Глухой от шума крови в висках, он сделал шаг к столу, но тотчас две руки рванули его за плечи назад, и он остановился. Немец в черном плаще снова перевел глаза на его губы, пузырившиеся кровью.
Невысокий, атлетически сложенный человек в зеленом френче, одергивая френч, поправляя парабеллум на левом боку, торопливо шел от машины. Приблизился к столу, кинул руку к козырьку и заговорил по-немецки. Сухонький в черном плаще снял фуражку, обнажив редкие седые волосы, и, холодно глядя на карту Овчинникова, кратко и утомленно сказал что-то. Новый человек взял удостоверение Овчинникова, полистал. У человека этого были тонкие — полоской — усики на матовом лице, косые бачки возле прижатых, как у боксера, ушей, неизвестный Овчинникову немецкий орден мерцал на солнце эмалью, колыхаясь на его груди, выпукло обтянутой френчем.

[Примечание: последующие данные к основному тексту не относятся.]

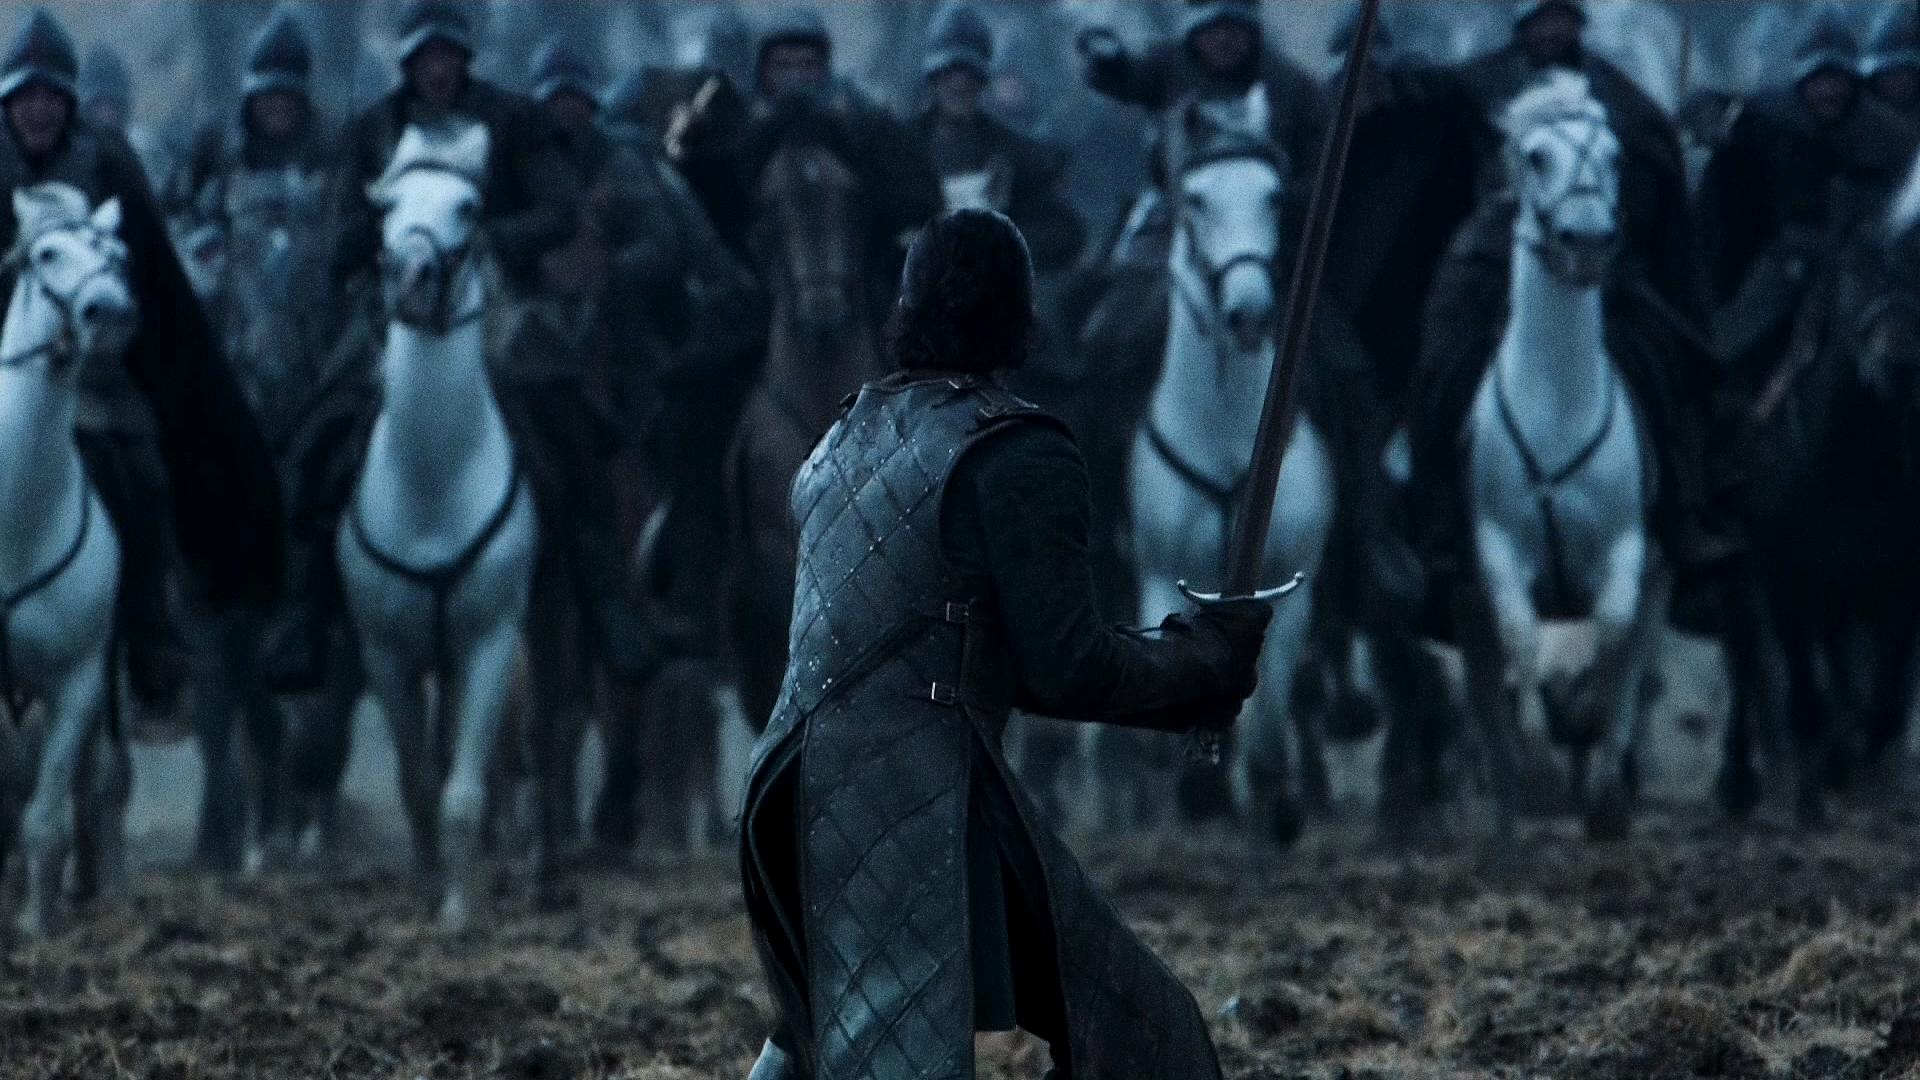 Free Download Best Jon Snow Game Of Thrones Wallpaper 2017 61930
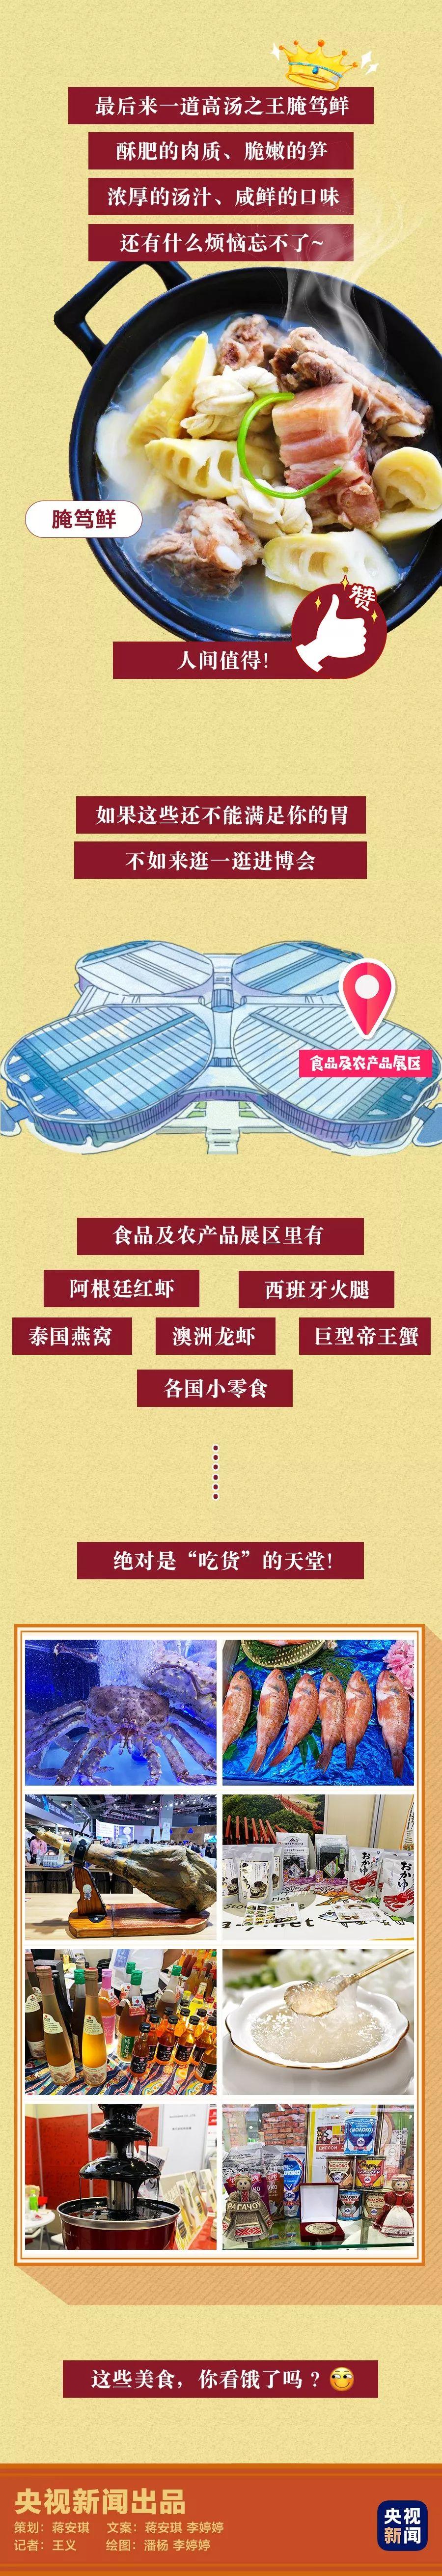 bbin宝盈客服 - 一带一路轨道交通论坛探讨中国铁路装备与技术国际化

Подвижные черные глаза ощупали Овчинникова, засветились настороженно-приветливо, и человек этот, положив удостоверение на стол, заговорил неторопливо, чуть раздвинув губы улыбкой под тонкими усиками:
— Лейтенант Овчинников, Сергей Михайлович, командир огневого взвода первой батареи Первого дивизиона Двести девяносто пятого артполка?
Как от толчка, Овчинников дернулся головой, услышав это чисто русское произношение, каким не мог владеть немец, и, удивленно впиваясь взглядом в матовое, гладко выбритое лицо человека, понял, кто этот переводчик.
И сквозь кривую, застывшую усмешку, с клекотом крови в горле спросил:
— Русский? Ты — русский?
— Лейтенант Овчинников, я хотел бы задать вам несколько вопросов. Дело в том, что несколько слов могут спасти вам жизнь. Вы, я думаю, это поняли?..
Послышался звук над вершинами сосен — тяжелое шуршание приближалось издалека, — дальнобойный снаряд летел, будто посапывал, дышал, расталкивая воздух. И, ударив по лесу оглушительным грохотом, разорвался в чаще, за поляной. А Овчинников, поглядев в ту сторону, охваченный дрожью, злобной радостью, бившей его, подумал с лихорадочной надеждой: «Сюда, сюда, братцы, родные, прицел бы снизить на два деления. Давай, давай, братцы! Сюда!»